I am using Sckit-learn and am using a Confusion Matrix to get more insight into how my algorithm is performing:
X_train, X_test, Y_train, Y_test = train_test_split(keywords_list,
label_list, test_size=0.33, random_state=42)
pipeline.fit(X_train, Y_train)
pred = pipeline.predict(X_test)
print(confusion_matrix(Y_test, pred))
I am getting an output like this:
[[1011 72]
[ 154 1380]]
Which I assume follows the format for these Matrixes:
TP|FP
FN|TN
Is it possible to retrieve the values that are being classified as false positives and False Negatives? Knowing what that data looks like would be helpful towards my work. it goes without saying I am new to Sckit-Learn.
EDIT:
Alessandro gave good advice by informing me that Y_test != pred
would return all of my false positives/negatives in the confusion matrix.
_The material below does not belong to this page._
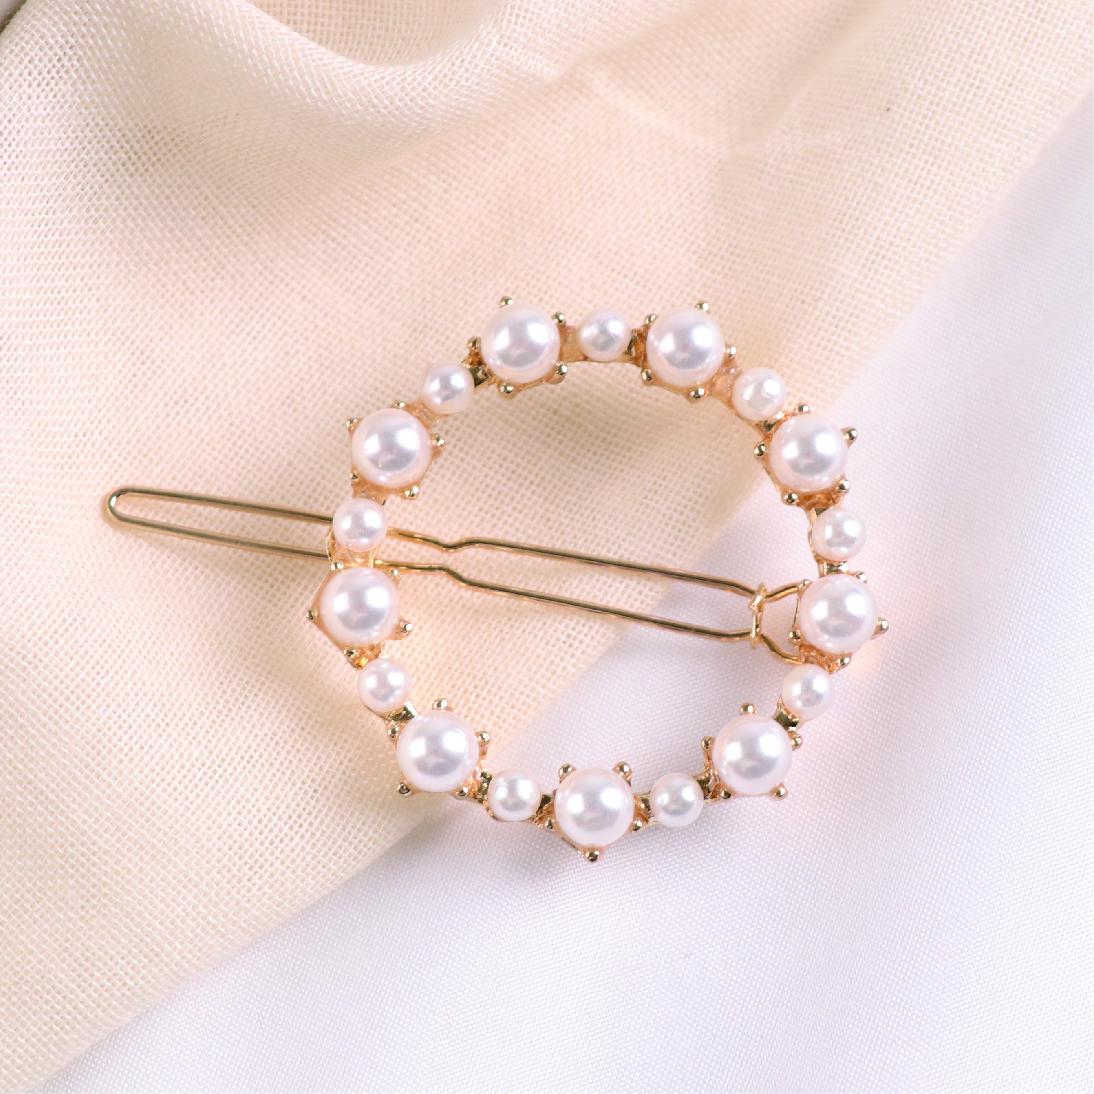 純粹珍珠圓形髮夾扣

One factor that I should have mentioned in my original question is that I am classifying textual data under binary labels. (E.g. Ham/Spam) and I want to identify them seperately from each other. My current code for extracting false negatives is taking the form of:
false_neg = open('false_neg.csv', 'w')
falsen_list = X_test[(Y_test == 'Spam') and (pred == 'Ham')] #False Negatives
wr2 = csv.writer(false_neg, quoting=csv.QUOTE_ALL)
for x in falsen_list:
wr2.writerow([x])
Unfortunately, this throws an error:
Traceback (most recent call last):
File "/home/noname365/PycharmProjects/MLCorpusBlacklist/CorpusML_training.py", line 171, in <module>
falsen_list = X_test[(Y_test == 'blacklisted') and (pred == 'clean')] #False Negatives
File "/home/noname365/virtualenvs/env35/lib/python3.5/site-packages/pandas/core/generic.py", line 731, in __nonzero__
.format(self.__class__.__name__))
ValueError: The truth value of a Series is ambiguous. Use a.empty, a.bool(), a.item(), a.any() or a.all().
Am I on the right track here?